Friday, November 30, 2012

Faith


I actually wrote this a couple days ago and put it aside to think about it and to decide if it was how I really felt.

I really admire people with strong faith.  I'm really struggling with this.  I'm not sure why I find it so hard to believe in things......perhaps because I've been proven wrong time and time again. In 50 years I've learned that evil sometimes overcomes good, that people (including myself) don't keep promises, that some wounds fester and hurt for all time.  I could be hated for asking this but how can I believe in what I don't see or feel or hear? I hate that - how do you learn to have faith and how do you have it one day and not another?  I try to think of the things that I don't worry about, that I have faith enough that I don't even have to think about them. I don't think there is a whole lot of stuff that I have faith in.  For a little while, there was a strong flapping of faith and over time it's gone from a little flutter, to a hard, cold stone in my chest.  I think when my dad died, a lot of me went with him.  I believed that he would always be there and now he is not. 
I really hope that this is a temporary thing - I suspect it is just a reaction to losing my dad.  I really want to have faith and to believe but some days I just feel alone.  Christmas is a bad time to lose faith.  
I don't feel like this so much right now.  Sometimes it takes connecting with the right person and/or hearing a different perspective.

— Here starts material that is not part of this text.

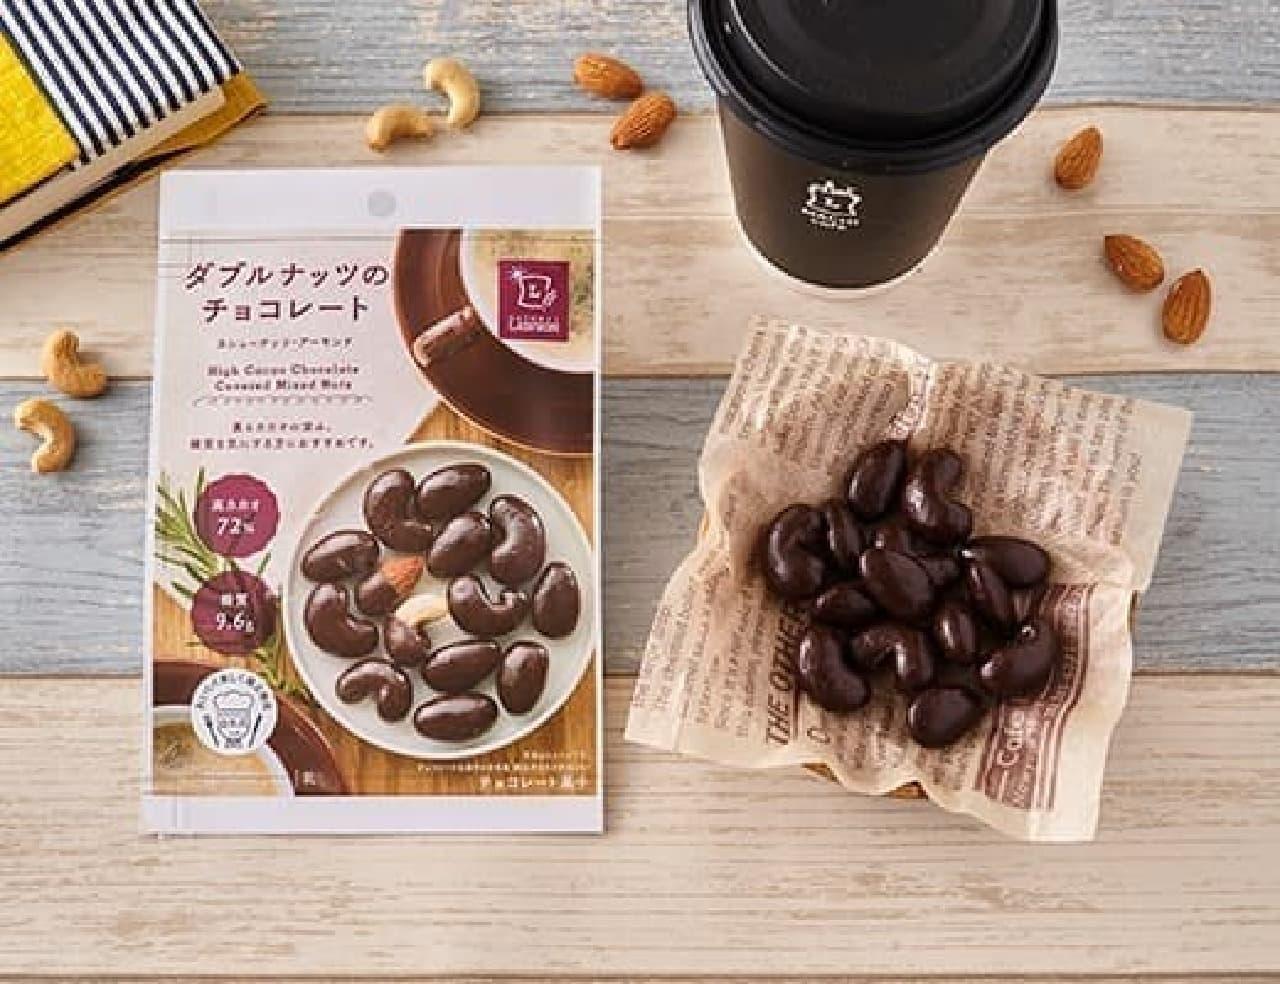 ローソン「ダブルナッツのチョコレート 38g」
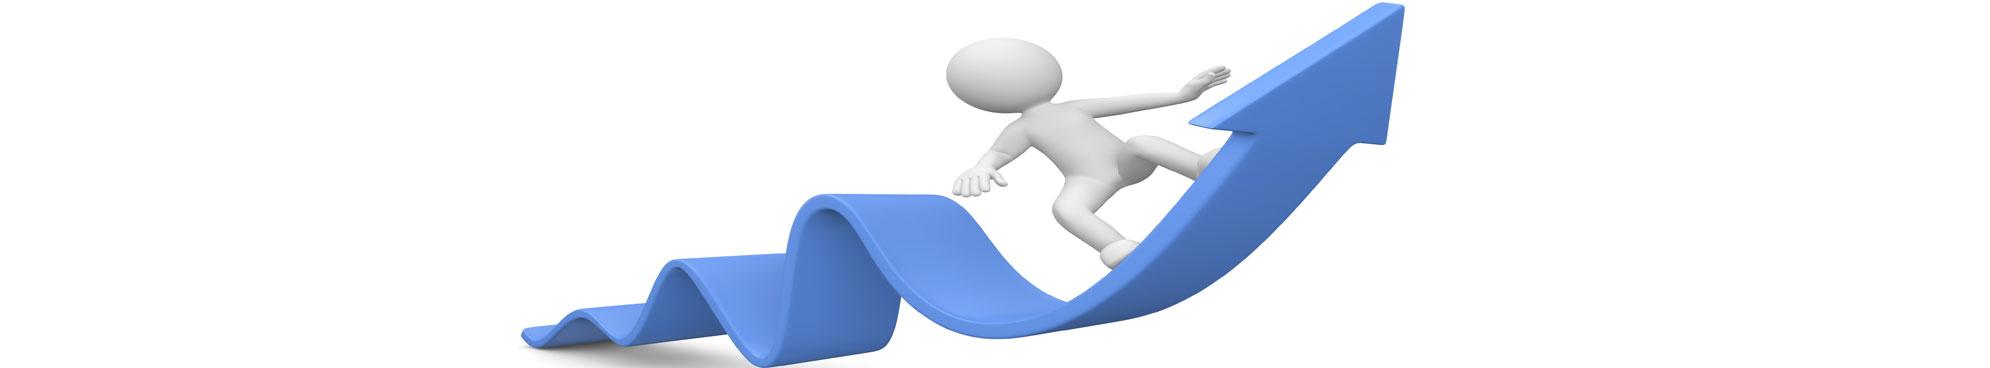 Le Coaching pour valoriser son savoir-faire et compétences. Cabinet DAC vous accompagne dans vos démarches de vie.

Right now so much is changing in my life.  My oldest son is so far away and he has always been my ground.  Things always felt right after catching up with him once every week or so.  He's an even kind of guy and I always know what to expect from him.  After spending time with him, things always go back to being right.  But he's not here anymore.  My oldest daughter is too much like me.  She changes with the wind......just like me.  My other kids are pulling away and becoming their own person so in retrospect its no wonder that I feel alone.  Things aren't the same anymore and while it is exciting......it's also a bit disconcerting.


So on I'll go......getting used to life as it is right now and allowing myself to be flexible enough to accept the changes that are inevitable.